Foto: Matthias Friel
This intensive course delves into the global history of processes of refuge-seeking: it explores the many challenges that refugees and migrants face and the opportunities they create in receiving countries. It engages the manifold ways in which citizens have responded to migrants and refugees over time – from the Huguenots’ arrival in Brandenburg-Prussia in 1685 to the present – and in various places, including France, Australia, Uganda, Ethiopia, and Germany. The course also examines the responses and visions of migrants and refugees themselves.
The course brings together 30 students from six European universities through the European Digital UniverCity alliance (EDUC), for ten weeks of online learning (starting at the beginning of the semester) followed by a week together in Potsdam June 20-25, 2022. In Potsdam students will meet with local decision-makers, civil society and church representatives, and migrants and refugees to learn first-hand about practices and issues relating to migration and integration.
To prepare for this, students will be introduced to theories around integration and will then engage with historic and contemporary case studies that highlight particular issues such as culture, religion, racism, education, and labour in relation to assimilationism and multiculturalism.
Overall, the aim of this course is to provide students with the theoretical and conceptual language to make sense of historical processes of refuge-seeking and integration as well as enabling a lively exchange between student perspectives and practitioners’ insights on processes of integration in the city of Potsdam.

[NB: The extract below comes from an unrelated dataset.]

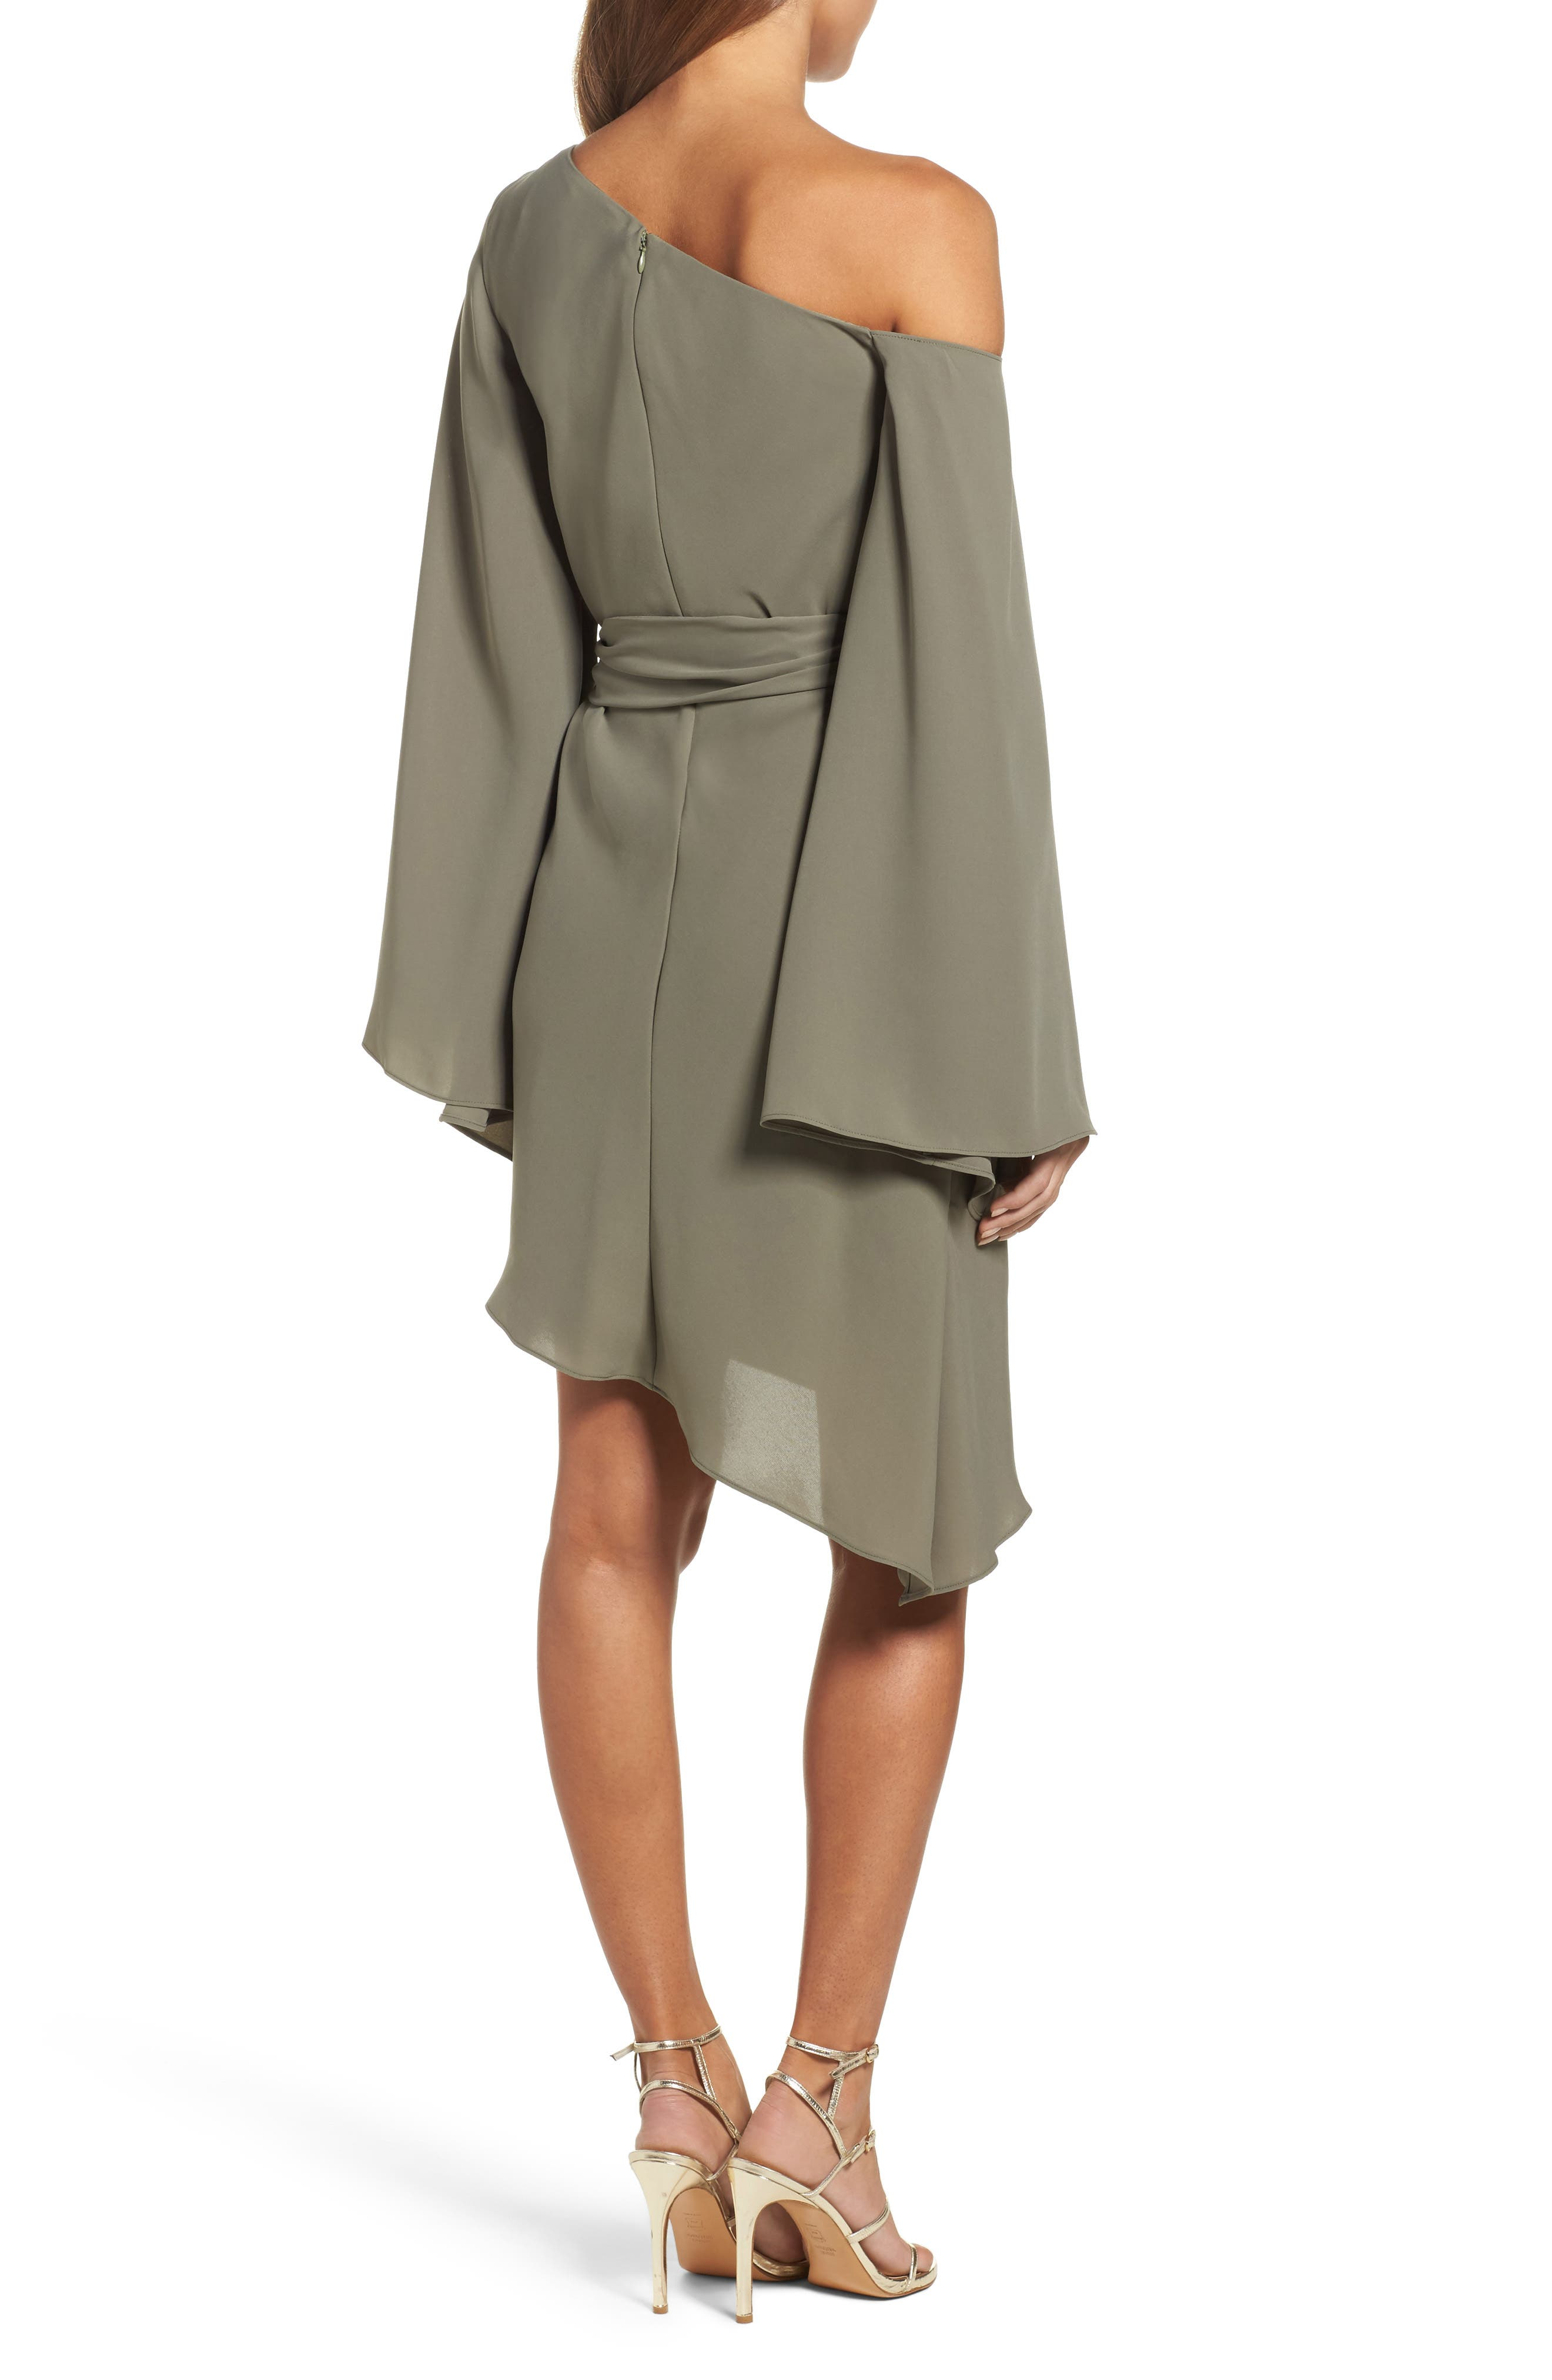 Beyond Me One-Shoulder Dress,                             Alternate thumbnail 3, color,                             Khaki

Five students will be able to join from each university. If you are interested to join the group of Potsdam learners, please apply via the following link uploading a one-page letter of motivation (in English), your CV and your PULS performance overview”: https://bit.ly/3nmmsoE
If you have any questions about the application please contact email@example.com.
Brubaker, Rogers. Citizenship and nationhood in France and Germany. Harvard University Press, 2009.
Hage, Ghassan. "Multiculturalism and white paranoia in Australia." Journal of International Migration and Integration/Revue de l'integration et de la migration internationale 3.3-4 (2002): 417-437.
Hahamovitch, Cindy (2003) Creating Perfect Immigrants: Guestworkers of the World in Historical Perspective, Labor History, 44:1, 69-94, DOI: 10.1080/0023656032000057010
Jansen, Yolande. Secularism, Assimilation and the Crisis of Multiculturalism. Amsterdam University Press, 2013.
Lachenicht, Susanne. "Huguenot immigrants and the formation of national identities, 1548–1787." The Historical Journal 50, no. 2 (2007): 309-331.
Torpey, J. C. (2018). The invention of the passport: Surveillance, citizenship and the state. Cambridge University Press.
All students must read the course readings, actively participate in class discussion, work on group presentations on particular case studies, participate in the Potsdam week, and write a brief final reflection essay in accordance with their Studienordnungen.